• _EXERCISE_:
Repeat every entry exactly as it appears.

*** Opening of PROVIDED DATA ***

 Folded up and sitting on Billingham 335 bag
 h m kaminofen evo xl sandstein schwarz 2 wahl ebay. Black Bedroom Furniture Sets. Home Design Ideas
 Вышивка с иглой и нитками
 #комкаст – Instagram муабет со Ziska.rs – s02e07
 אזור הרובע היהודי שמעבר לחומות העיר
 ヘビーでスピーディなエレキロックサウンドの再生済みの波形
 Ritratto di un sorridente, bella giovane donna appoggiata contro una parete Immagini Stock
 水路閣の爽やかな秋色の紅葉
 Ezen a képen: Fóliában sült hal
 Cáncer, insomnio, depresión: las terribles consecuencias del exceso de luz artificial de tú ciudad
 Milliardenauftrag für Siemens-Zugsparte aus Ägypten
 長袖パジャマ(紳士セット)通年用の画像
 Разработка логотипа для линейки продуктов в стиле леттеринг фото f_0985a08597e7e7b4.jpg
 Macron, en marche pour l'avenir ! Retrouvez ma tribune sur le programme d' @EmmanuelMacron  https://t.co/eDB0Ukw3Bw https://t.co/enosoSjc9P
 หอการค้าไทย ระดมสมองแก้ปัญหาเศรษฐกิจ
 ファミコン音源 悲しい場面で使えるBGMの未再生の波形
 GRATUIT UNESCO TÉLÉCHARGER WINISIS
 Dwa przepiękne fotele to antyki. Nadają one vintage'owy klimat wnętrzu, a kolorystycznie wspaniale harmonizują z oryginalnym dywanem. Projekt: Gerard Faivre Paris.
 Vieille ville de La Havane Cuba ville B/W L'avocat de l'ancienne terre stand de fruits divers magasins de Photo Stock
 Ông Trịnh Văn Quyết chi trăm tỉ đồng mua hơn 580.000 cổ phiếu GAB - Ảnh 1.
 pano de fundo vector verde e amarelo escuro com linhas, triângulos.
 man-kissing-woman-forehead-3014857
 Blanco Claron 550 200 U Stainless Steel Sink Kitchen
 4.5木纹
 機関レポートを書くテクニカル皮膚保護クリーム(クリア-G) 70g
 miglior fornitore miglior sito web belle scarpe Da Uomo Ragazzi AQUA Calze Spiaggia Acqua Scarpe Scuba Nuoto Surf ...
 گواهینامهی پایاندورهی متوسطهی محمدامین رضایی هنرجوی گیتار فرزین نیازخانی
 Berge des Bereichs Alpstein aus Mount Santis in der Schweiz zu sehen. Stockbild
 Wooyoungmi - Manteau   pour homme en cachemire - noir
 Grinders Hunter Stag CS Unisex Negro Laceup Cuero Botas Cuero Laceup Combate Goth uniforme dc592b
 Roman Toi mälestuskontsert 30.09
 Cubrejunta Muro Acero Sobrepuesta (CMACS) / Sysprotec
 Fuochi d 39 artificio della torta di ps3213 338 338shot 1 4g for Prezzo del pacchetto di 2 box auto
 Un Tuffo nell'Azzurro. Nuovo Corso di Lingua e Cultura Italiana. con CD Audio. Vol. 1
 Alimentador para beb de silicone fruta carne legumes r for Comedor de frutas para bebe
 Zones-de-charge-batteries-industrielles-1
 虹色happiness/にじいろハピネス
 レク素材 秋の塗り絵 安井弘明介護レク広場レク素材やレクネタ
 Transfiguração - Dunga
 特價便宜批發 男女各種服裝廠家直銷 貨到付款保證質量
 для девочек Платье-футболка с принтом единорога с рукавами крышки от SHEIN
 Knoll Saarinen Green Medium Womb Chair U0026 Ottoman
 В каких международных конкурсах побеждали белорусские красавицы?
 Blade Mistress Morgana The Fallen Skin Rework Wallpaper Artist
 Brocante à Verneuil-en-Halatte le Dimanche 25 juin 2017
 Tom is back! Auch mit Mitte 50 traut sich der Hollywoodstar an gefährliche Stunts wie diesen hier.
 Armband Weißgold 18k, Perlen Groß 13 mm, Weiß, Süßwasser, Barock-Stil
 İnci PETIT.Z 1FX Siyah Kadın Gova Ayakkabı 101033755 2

*** Close of PROVIDED DATA ***

• _EXERCISE SOLUTION_:
 Folded up and sitting on Billingham 335 bag
 h m kaminofen evo xl sandstein schwarz 2 wahl ebay. Black Bedroom Furniture Sets. Home Design Ideas
 Вышивка с иглой и нитками
 #комкаст – Instagram муабет со Ziska.rs – s02e07
 אזור הרובע היהודי שמעבר לחומות העיר
 ヘビーでスピーディなエレキロックサウンドの再生済みの波形
 Ritratto di un sorridente, bella giovane donna appoggiata contro una parete Immagini Stock
 水路閣の爽やかな秋色の紅葉
 Ezen a képen: Fóliában sült hal
 Cáncer, insomnio, depresión: las terribles consecuencias del exceso de luz artificial de tú ciudad
 Milliardenauftrag für Siemens-Zugsparte aus Ägypten
 長袖パジャマ(紳士セット)通年用の画像
 Разработка логотипа для линейки продуктов в стиле леттеринг фото f_0985a08597e7e7b4.jpg
 Macron, en marche pour l'avenir ! Retrouvez ma tribune sur le programme d' @EmmanuelMacron  https://t.co/eDB0Ukw3Bw https://t.co/enosoSjc9P
 หอการค้าไทย ระดมสมองแก้ปัญหาเศรษฐกิจ
 ファミコン音源 悲しい場面で使えるBGMの未再生の波形
 GRATUIT UNESCO TÉLÉCHARGER WINISIS
 Dwa przepiękne fotele to antyki. Nadają one vintage'owy klimat wnętrzu, a kolorystycznie wspaniale harmonizują z oryginalnym dywanem. Projekt: Gerard Faivre Paris.
 Vieille ville de La Havane Cuba ville B/W L'avocat de l'ancienne terre stand de fruits divers magasins de Photo Stock
 Ông Trịnh Văn Quyết chi trăm tỉ đồng mua hơn 580.000 cổ phiếu GAB - Ảnh 1.
 pano de fundo vector verde e amarelo escuro com linhas, triângulos.
 man-kissing-woman-forehead-3014857
 Blanco Claron 550 200 U Stainless Steel Sink Kitchen
 4.5木纹
 機関レポートを書くテクニカル皮膚保護クリーム(クリア-G) 70g
 miglior fornitore miglior sito web belle scarpe Da Uomo Ragazzi AQUA Calze Spiaggia Acqua Scarpe Scuba Nuoto Surf ...
 گواهینامهی پایاندورهی متوسطهی محمدامین رضایی هنرجوی گیتار فرزین نیازخانی
 Berge des Bereichs Alpstein aus Mount Santis in der Schweiz zu sehen. Stockbild
 Wooyoungmi - Manteau   pour homme en cachemire - noir
 Grinders Hunter Stag CS Unisex Negro Laceup Cuero Botas Cuero Laceup Combate Goth uniforme dc592b
 Roman Toi mälestuskontsert 30.09
 Cubrejunta Muro Acero Sobrepuesta (CMACS) / Sysprotec
 Fuochi d 39 artificio della torta di ps3213 338 338shot 1 4g for Prezzo del pacchetto di 2 box auto
 Un Tuffo nell'Azzurro. Nuovo Corso di Lingua e Cultura Italiana. con CD Audio. Vol. 1
 Alimentador para beb de silicone fruta carne legumes r for Comedor de frutas para bebe
 Zones-de-charge-batteries-industrielles-1
 虹色happiness/にじいろハピネス
 レク素材 秋の塗り絵 安井弘明介護レク広場レク素材やレクネタ
 Transfiguração - Dunga
 特價便宜批發 男女各種服裝廠家直銷 貨到付款保證質量
 для девочек Платье-футболка с принтом единорога с рукавами крышки от SHEIN
 Knoll Saarinen Green Medium Womb Chair U0026 Ottoman
 В каких международных конкурсах побеждали белорусские красавицы?
 Blade Mistress Morgana The Fallen Skin Rework Wallpaper Artist
 Brocante à Verneuil-en-Halatte le Dimanche 25 juin 2017
 Tom is back! Auch mit Mitte 50 traut sich der Hollywoodstar an gefährliche Stunts wie diesen hier.
 Armband Weißgold 18k, Perlen Groß 13 mm, Weiß, Süßwasser, Barock-Stil
 İnci PETIT.Z 1FX Siyah Kadın Gova Ayakkabı 101033755 2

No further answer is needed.